* **EXERCISE AIM**:
Your answer must be an exact copy of the listing, with the images left out.

SUPPLIED DATA START

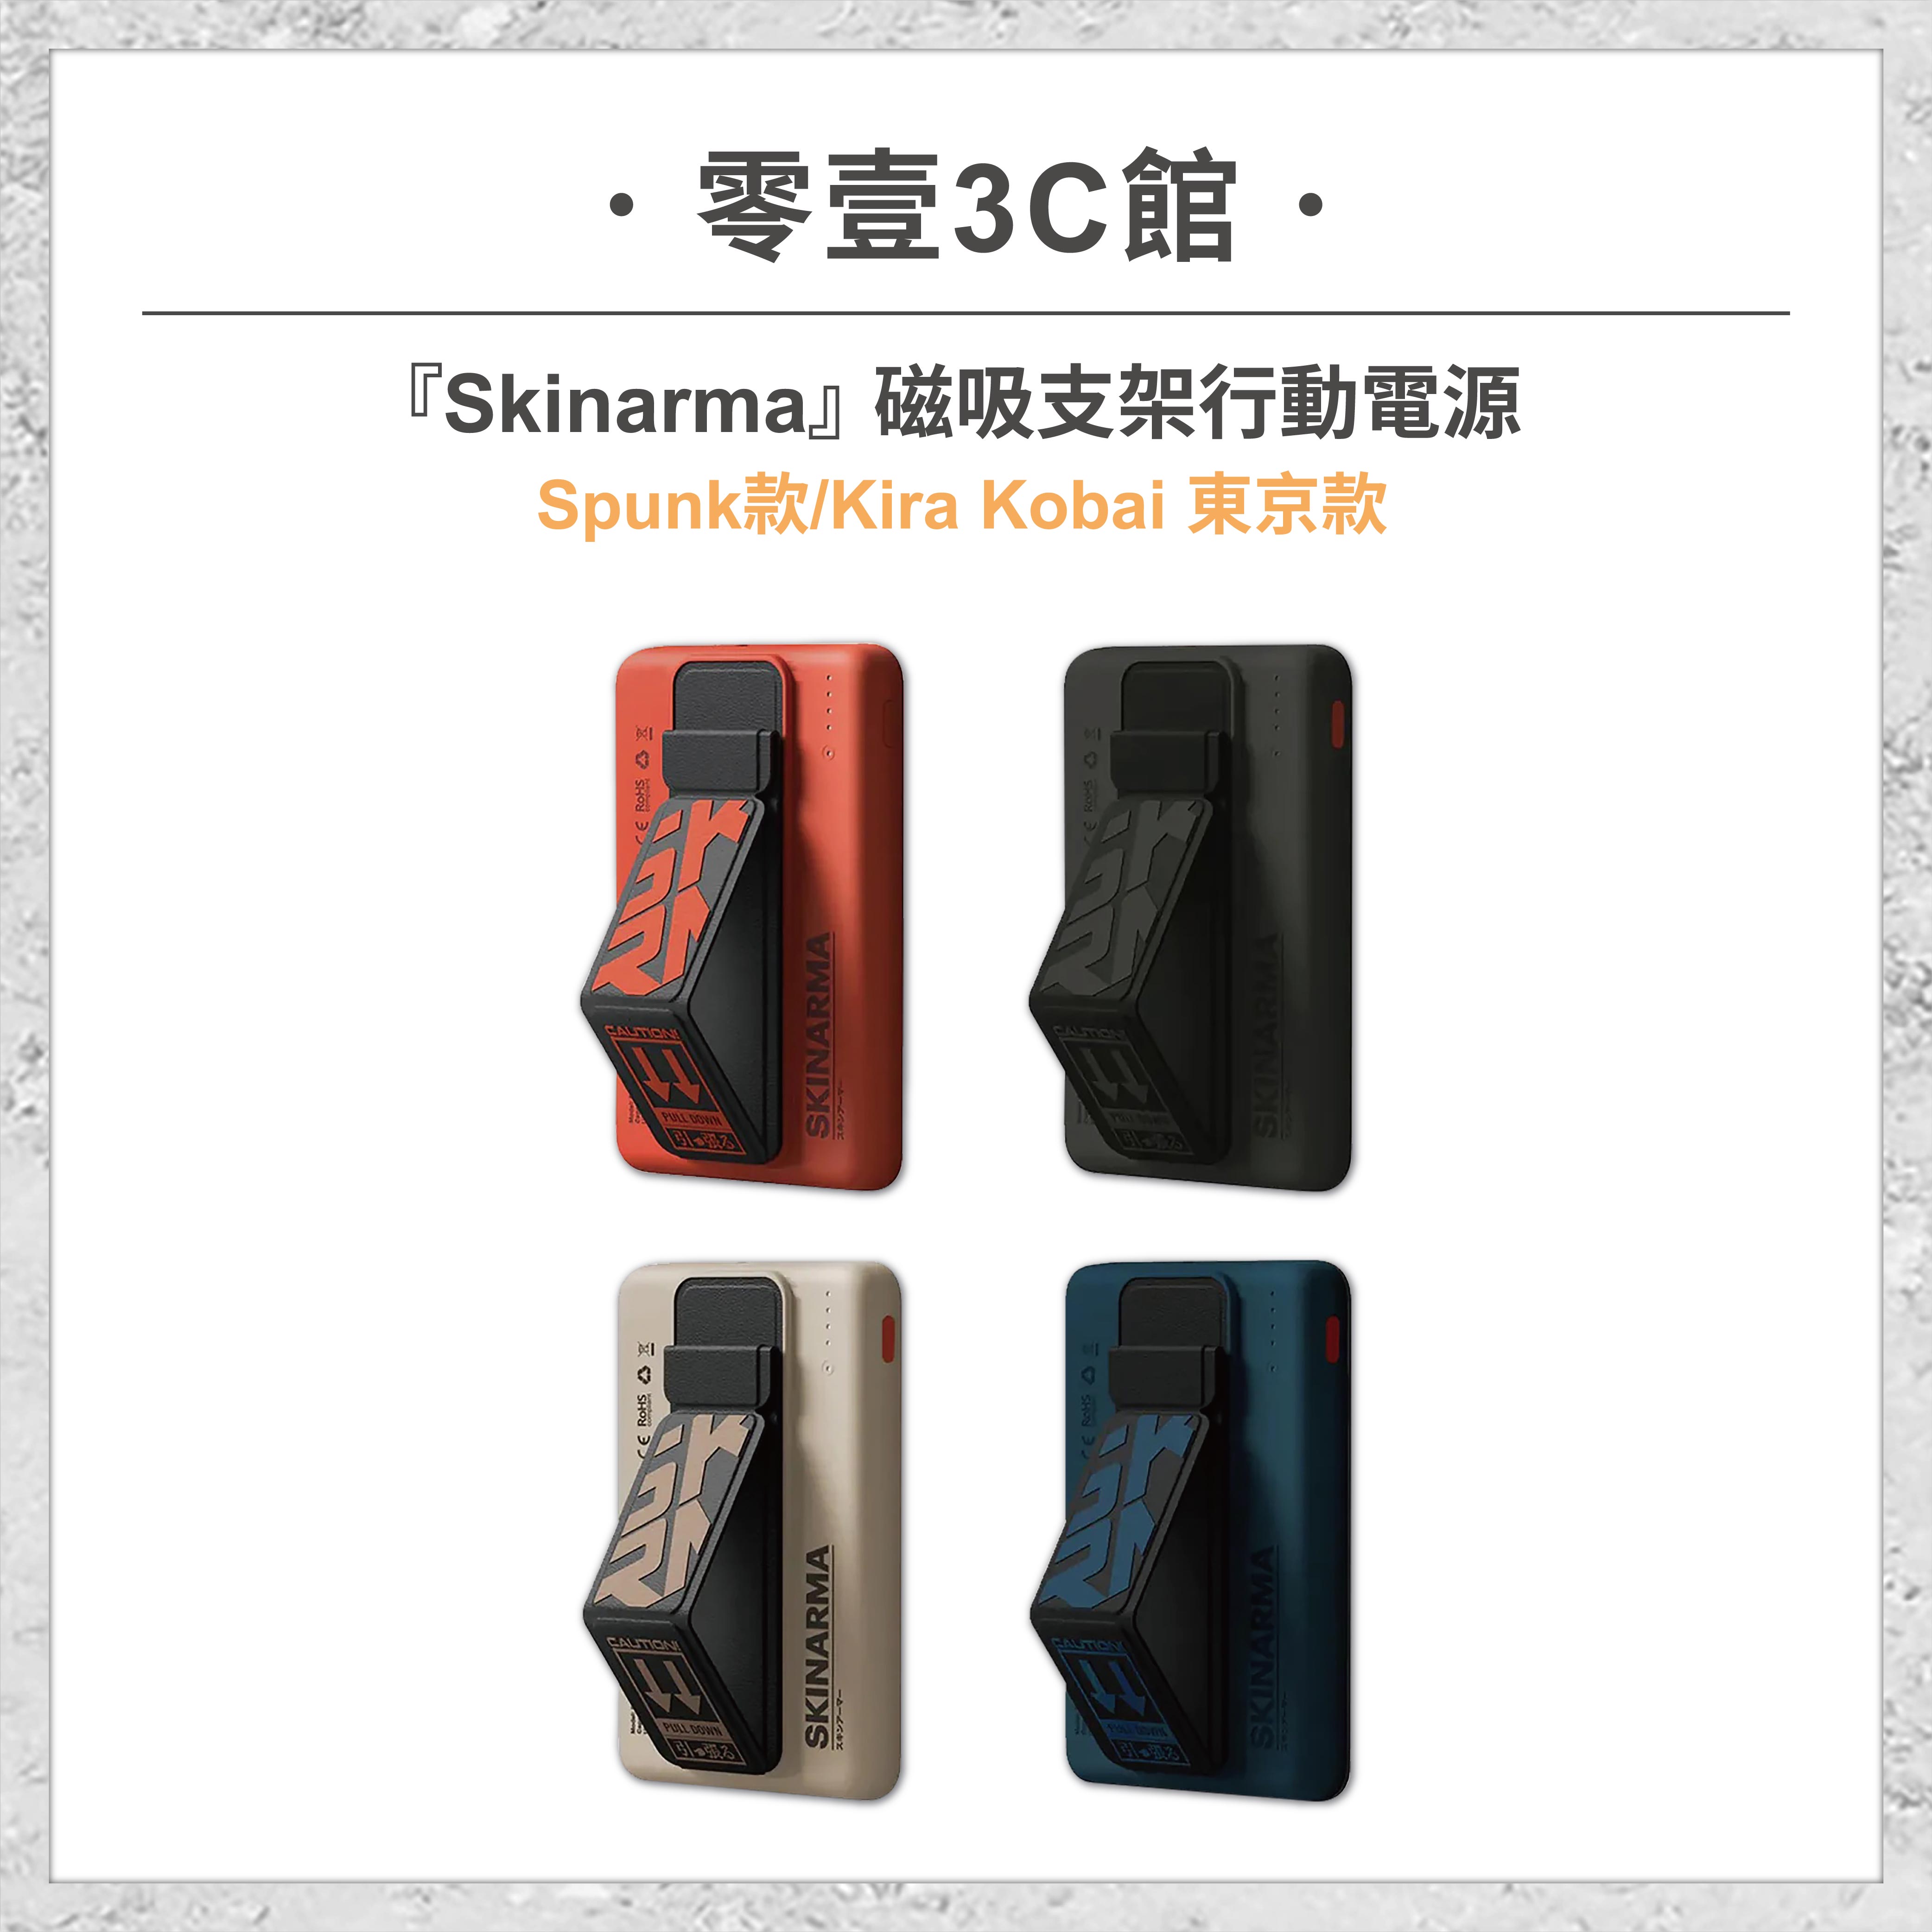 『Skinarma』磁吸支架行動電源 Spunk/Kira Kobai 東京款 Magsafe磁吸 隨身行動電源
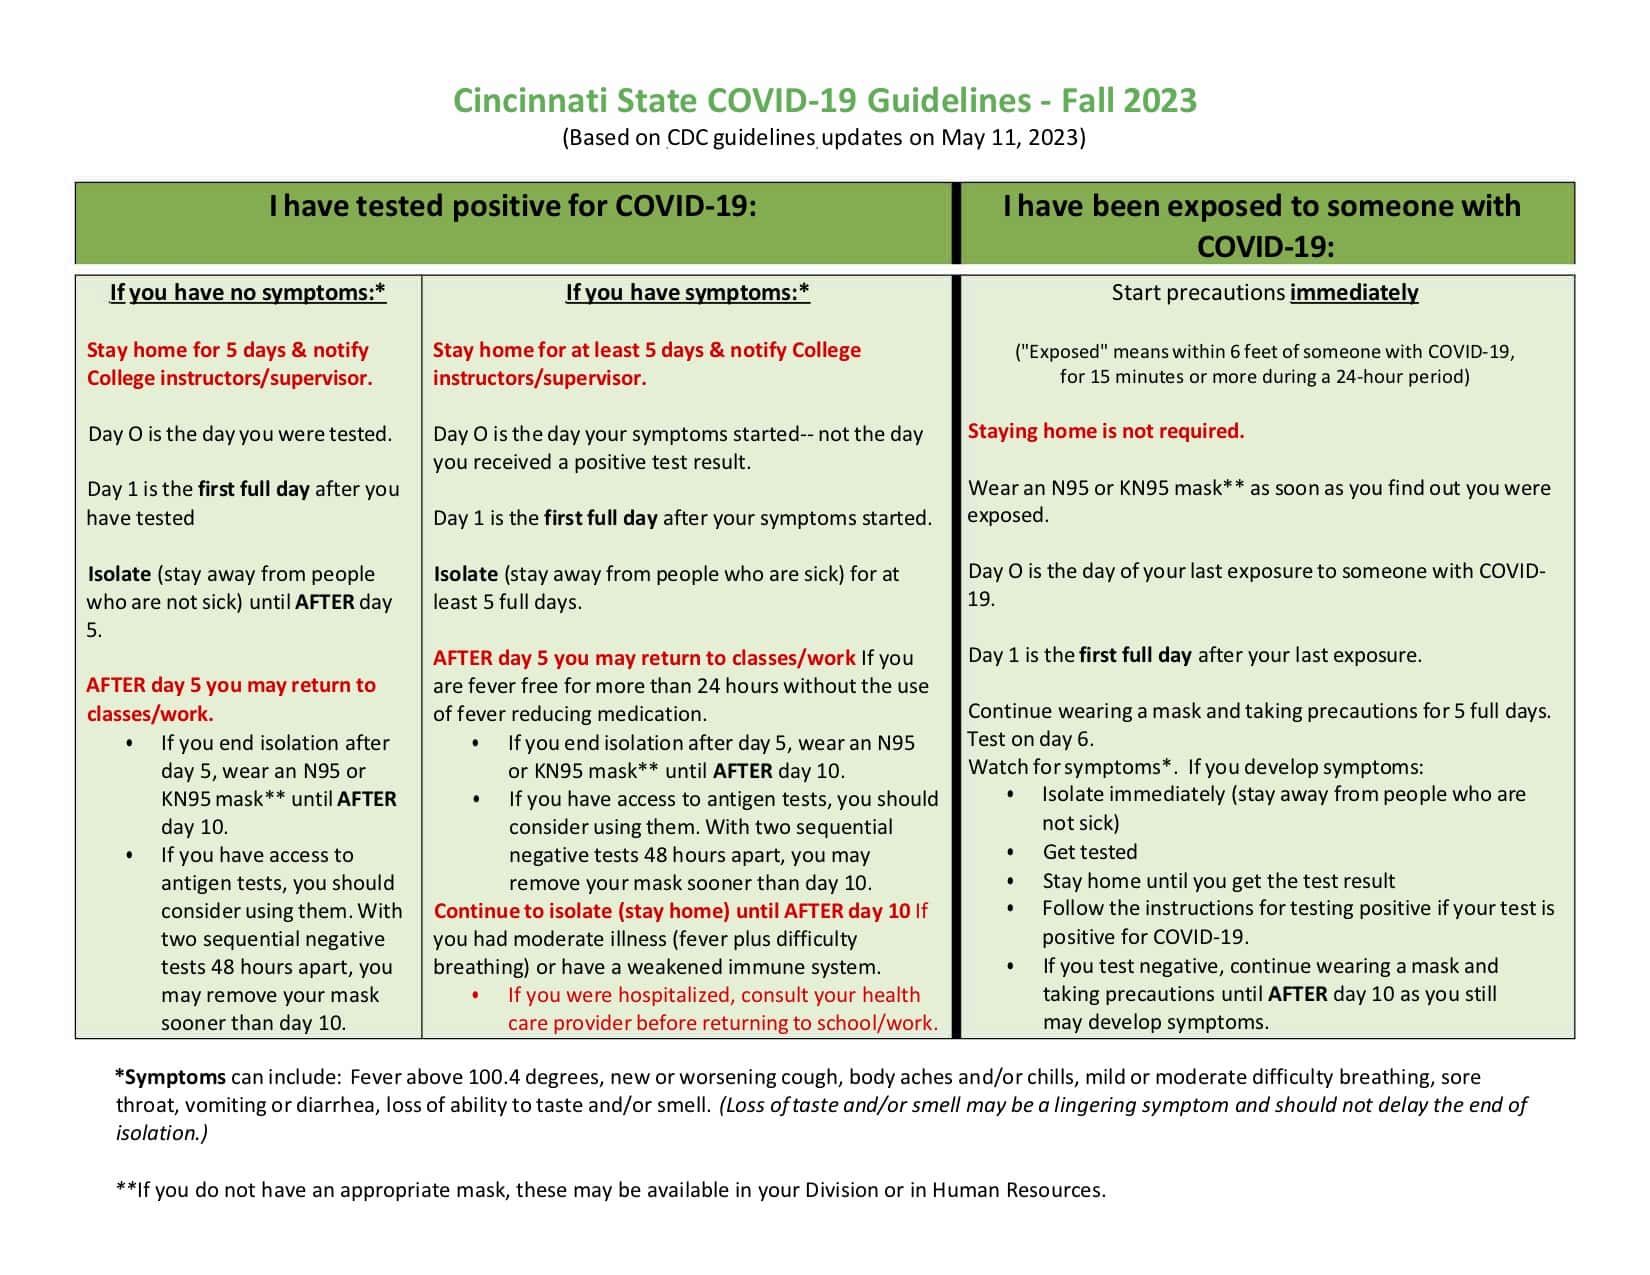 Cincinnati State COVID Guidelines Flowchart - Fall 2023
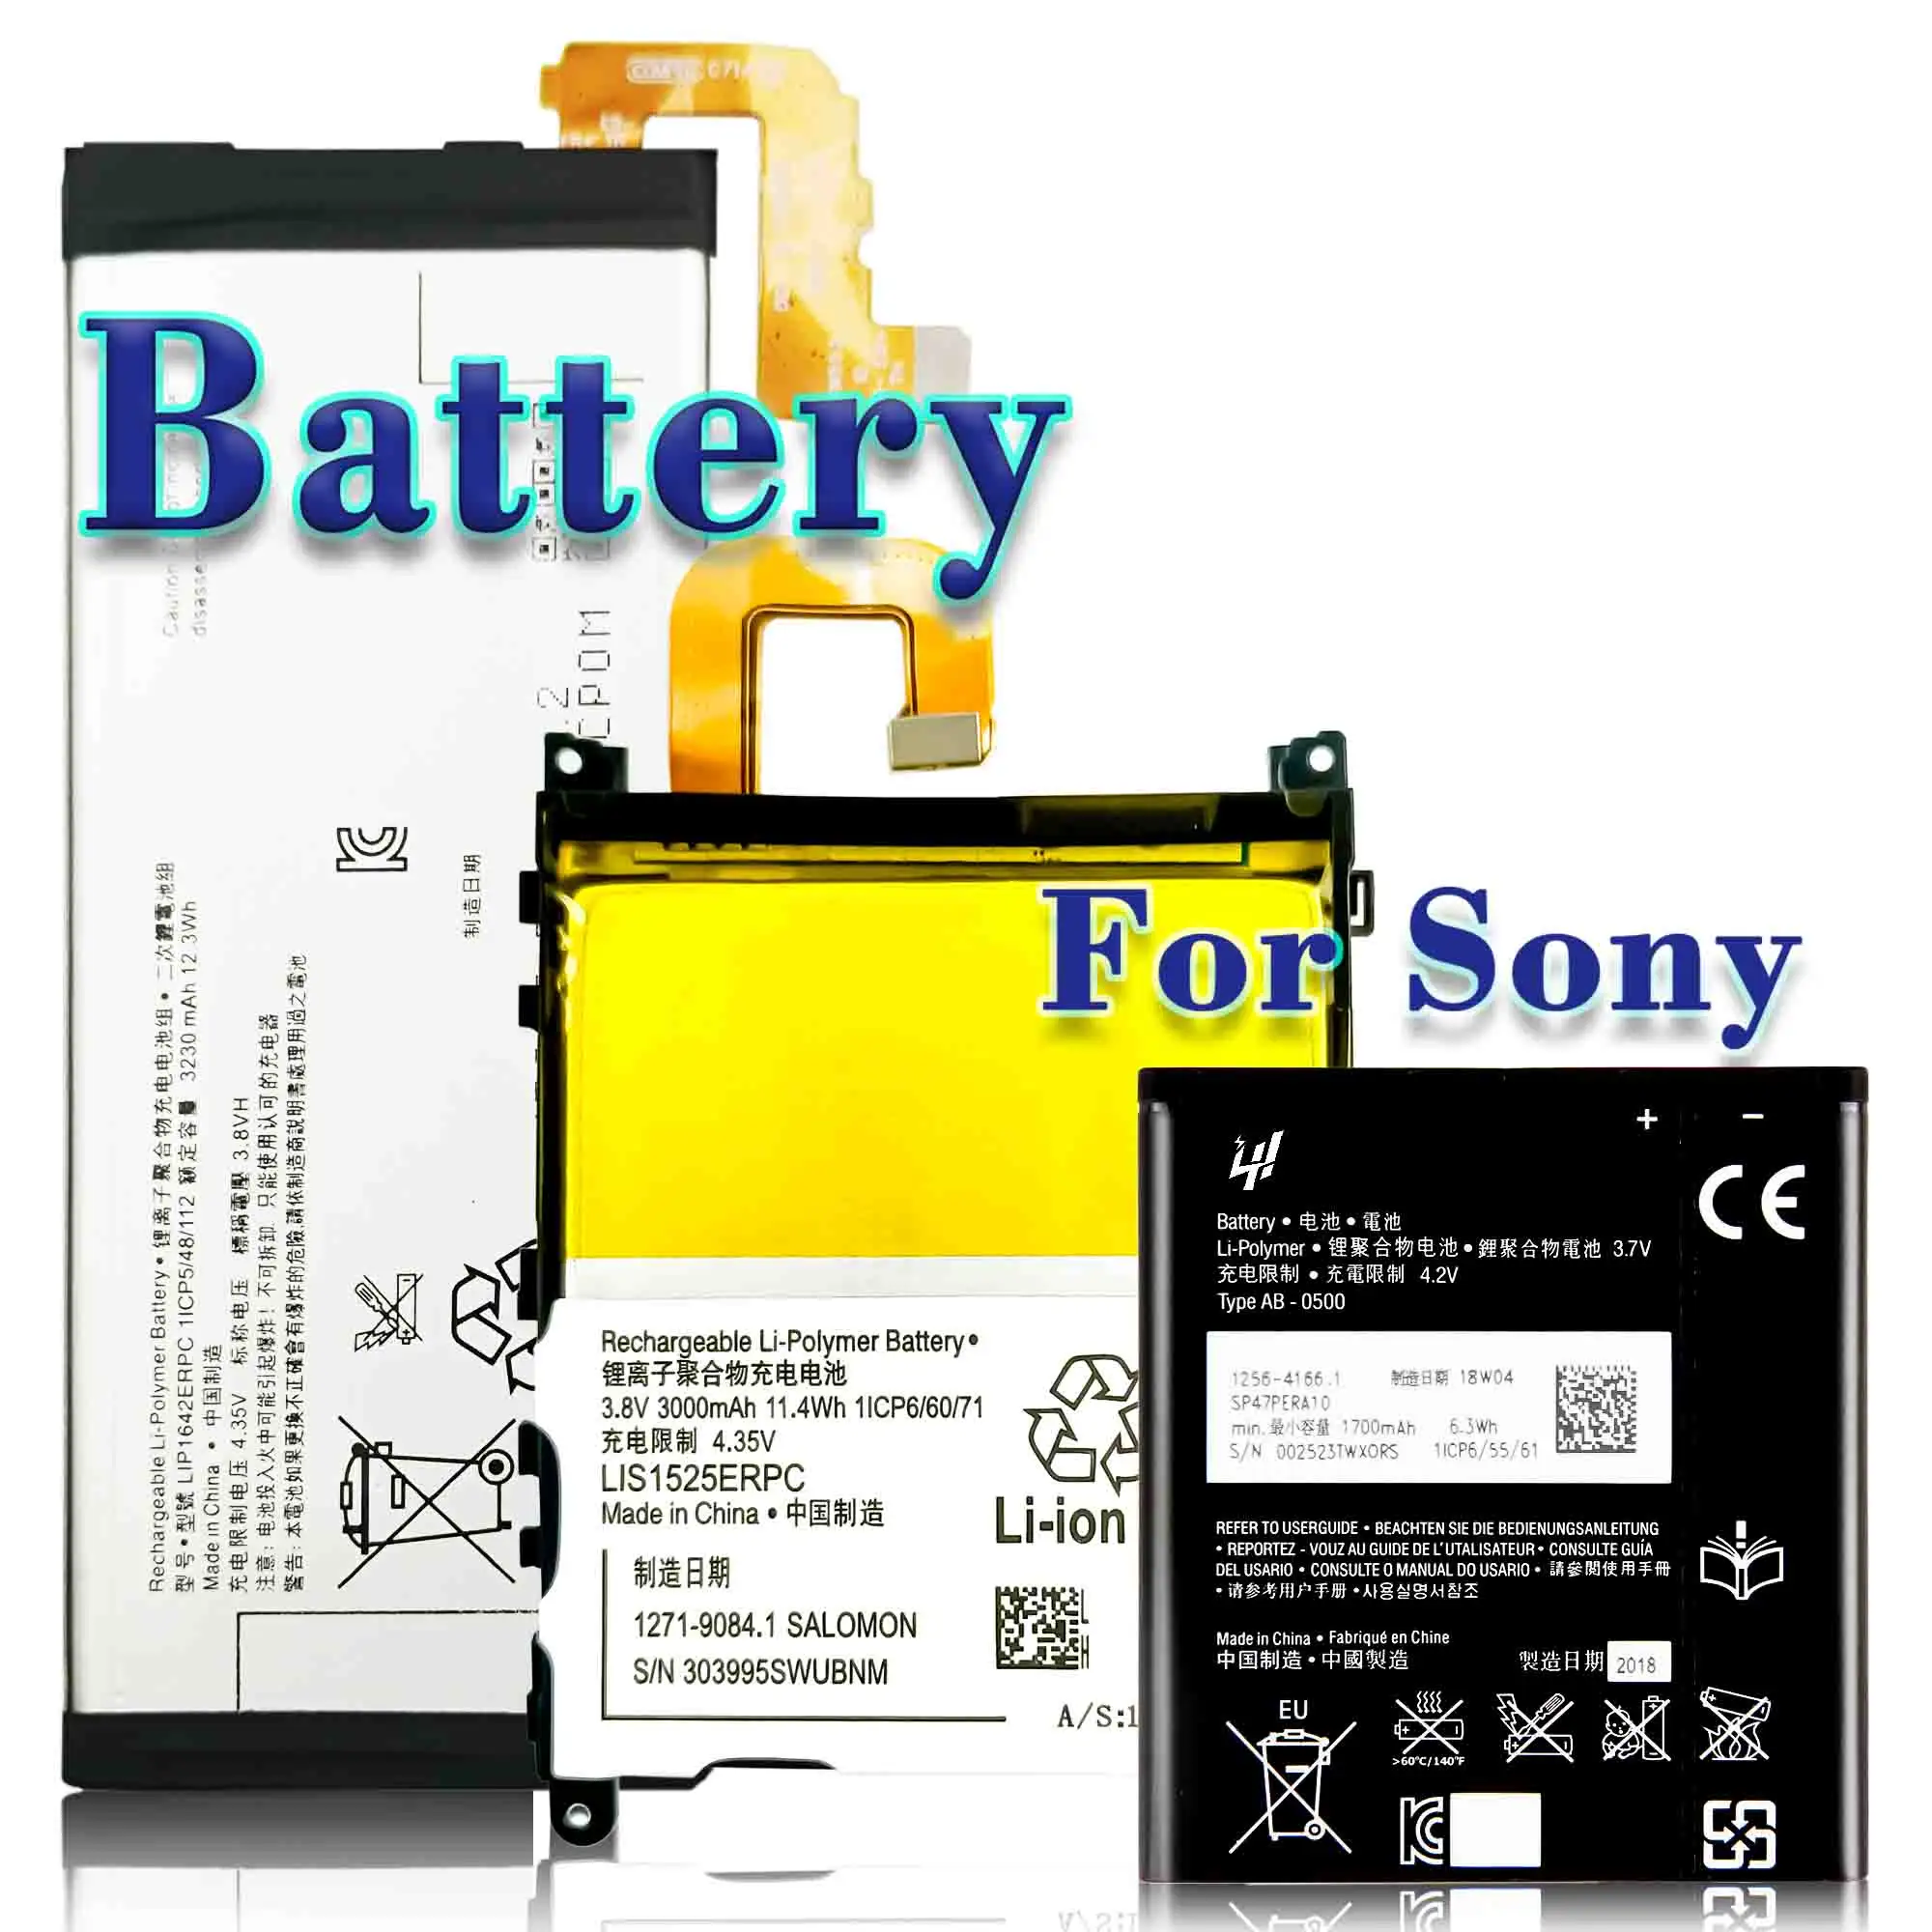 Sony Xperia Z — batterie d'origine, gamme complète de batteries, Z1 Z2 Z3 Z4 Z5 xxxz XZ1 XZ2 1 2 3 4 5 10 pro L1 L2 L3 L4, OEM

SUPPLIED DATA END

* **REPLY TO THE EXERCISE**:
 『Skinarma』磁吸支架行動電源 Spunk/Kira Kobai 東京款 Magsafe磁吸 隨身行動電源
 Cincinnati State COVID Guidelines Flowchart - Fall 2023
 Sony Xperia Z — batterie d'origine, gamme complète de batteries, Z1 Z2 Z3 Z4 Z5 xxxz XZ1 XZ2 1 2 3 4 5 10 pro L1 L2 L3 L4, OEM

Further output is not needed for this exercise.